Joshua Redman Quartet
Come What May
In the two decades since the Joshua Redman Quartet last recorded together their leader has gone in all directions as featured soloist, cameo artist and collaborator (The Bad Plus, Brad Mehldau) working with tone and timbre to shape his playing and songwriting.
The same is true of the members of this group – with Aaron Goldberg (piano) now well established as a trio leader in his own right, Reuben Rogers (bass) the powerhouse behind Charles Lloyd’s recent dazzling quartet and Gregory Hutchinson (drums) the journeyman; his work has included playing with this rhythm section buddies from the Redman quartet on their respective solo/band joints also. So there’s a tightness, instantly, to these friends returning to this entity. And a wealth of collective experience.

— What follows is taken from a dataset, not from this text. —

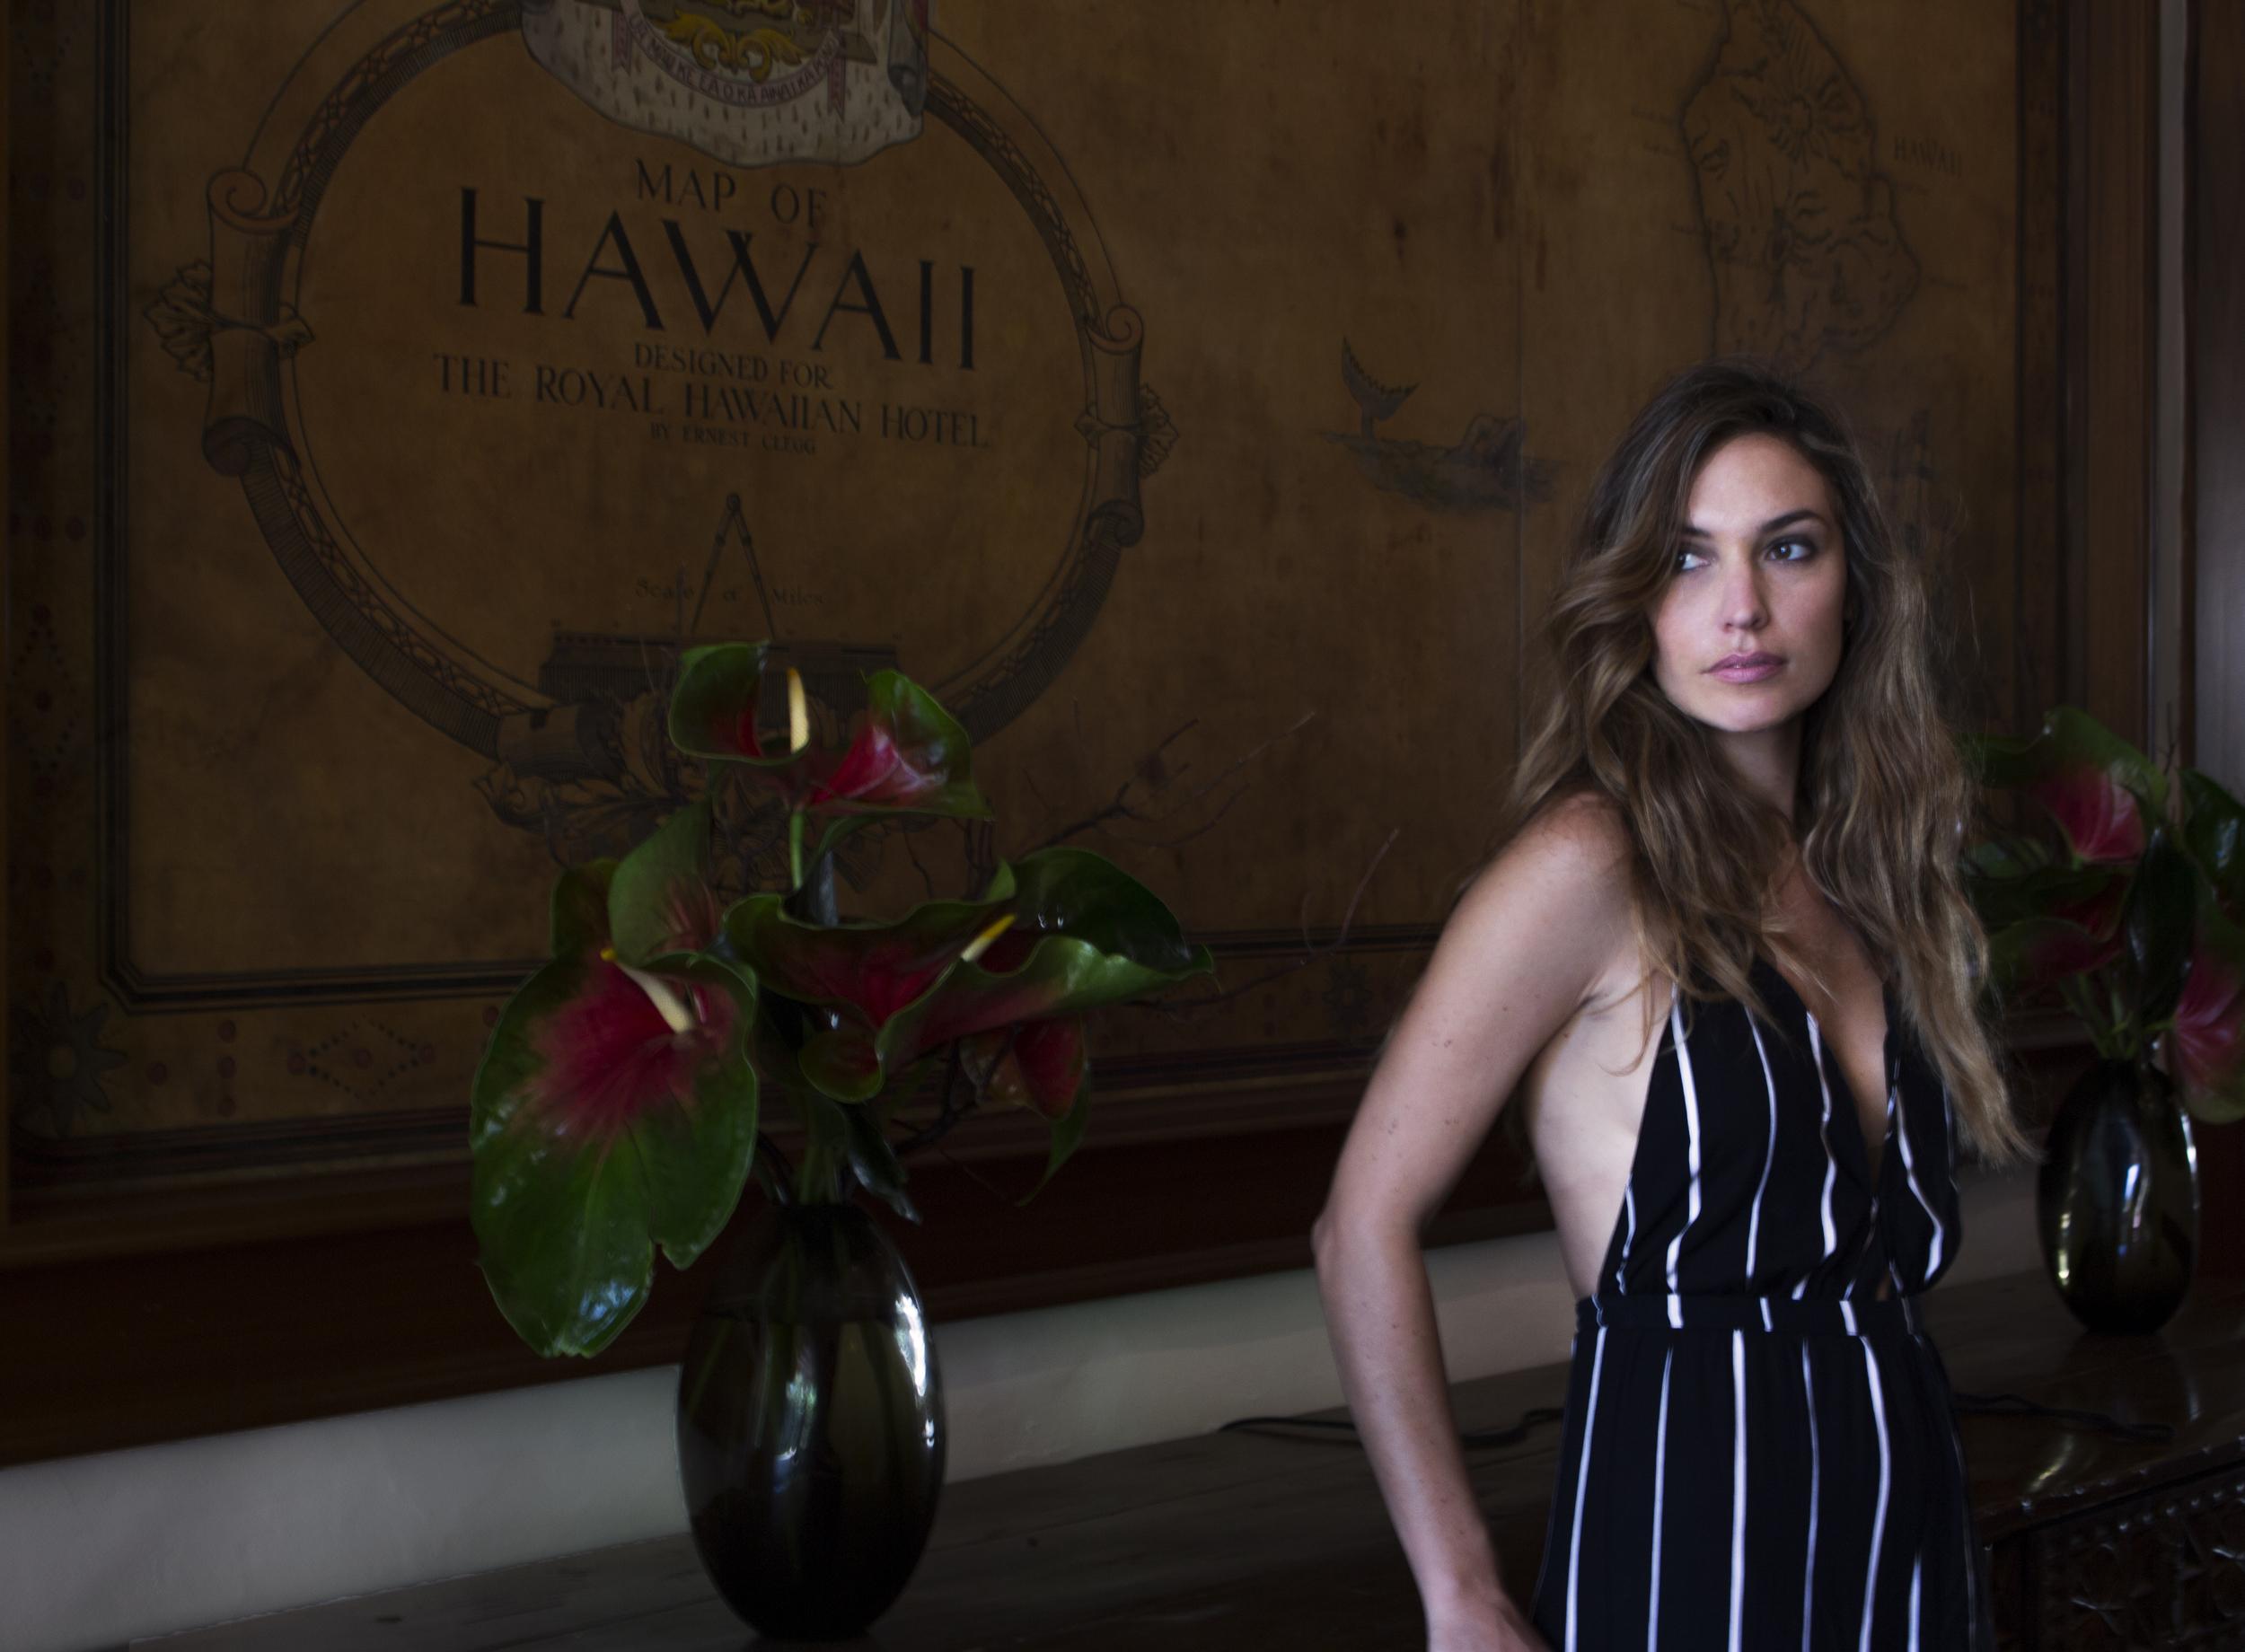 Best hotel in Hawaii

Here they serve under Redman, serving his songs, as Come What May is comprised of seven Redman originals. But there’s ample space for the players to shine. Goldberg taking moments on I’ll Go Mine and DGAF in particular as well as framing the closing ballad, Vast. Rogers and Hutchinson rock out together, driving Stagger Bear towards an almost Stevie Wonder vibe, Hutchinson’s funky jazz chops shine on How We Do, as Redman blows bop across the top. And Rogers can be felt every step of the way, particularly though on the exciting opener, Circle of Life (a total band showcase – a “look, we’re back!” statement) and the arresting balladry of the title track.
Redman is sublime throughout – blowing the big notes, shaping the songs, making space for his creative players.
It feels like not only one of the great jazz albums of the year but one of the great jazz albums of the last decade or more. No huge tricks, just great compositions and playing. No attempt to ‘update’ anything, whilst also not feeling like a determined ‘throwback to a time’. It’s comfortable with both feet in today and just a wink to the past, an acknowlegement.
Joshua Redman’s work across the last decade in particular has been sublime, from his amazing duo record with Brad Mehldau, Highway Rider to last year’s covers-heavy Still Dreaming.
A class player, growing all the time, constantly improving with age. Here, for now at least, is his small-combo masterpiece. This is the jazz album you buy to introduce people to the genre, and the one you recommend to impress your already learned friends. Most importantly though it’s the one you sit down with and love on first listen. And then find so much to enjoy on each subsequent sitting.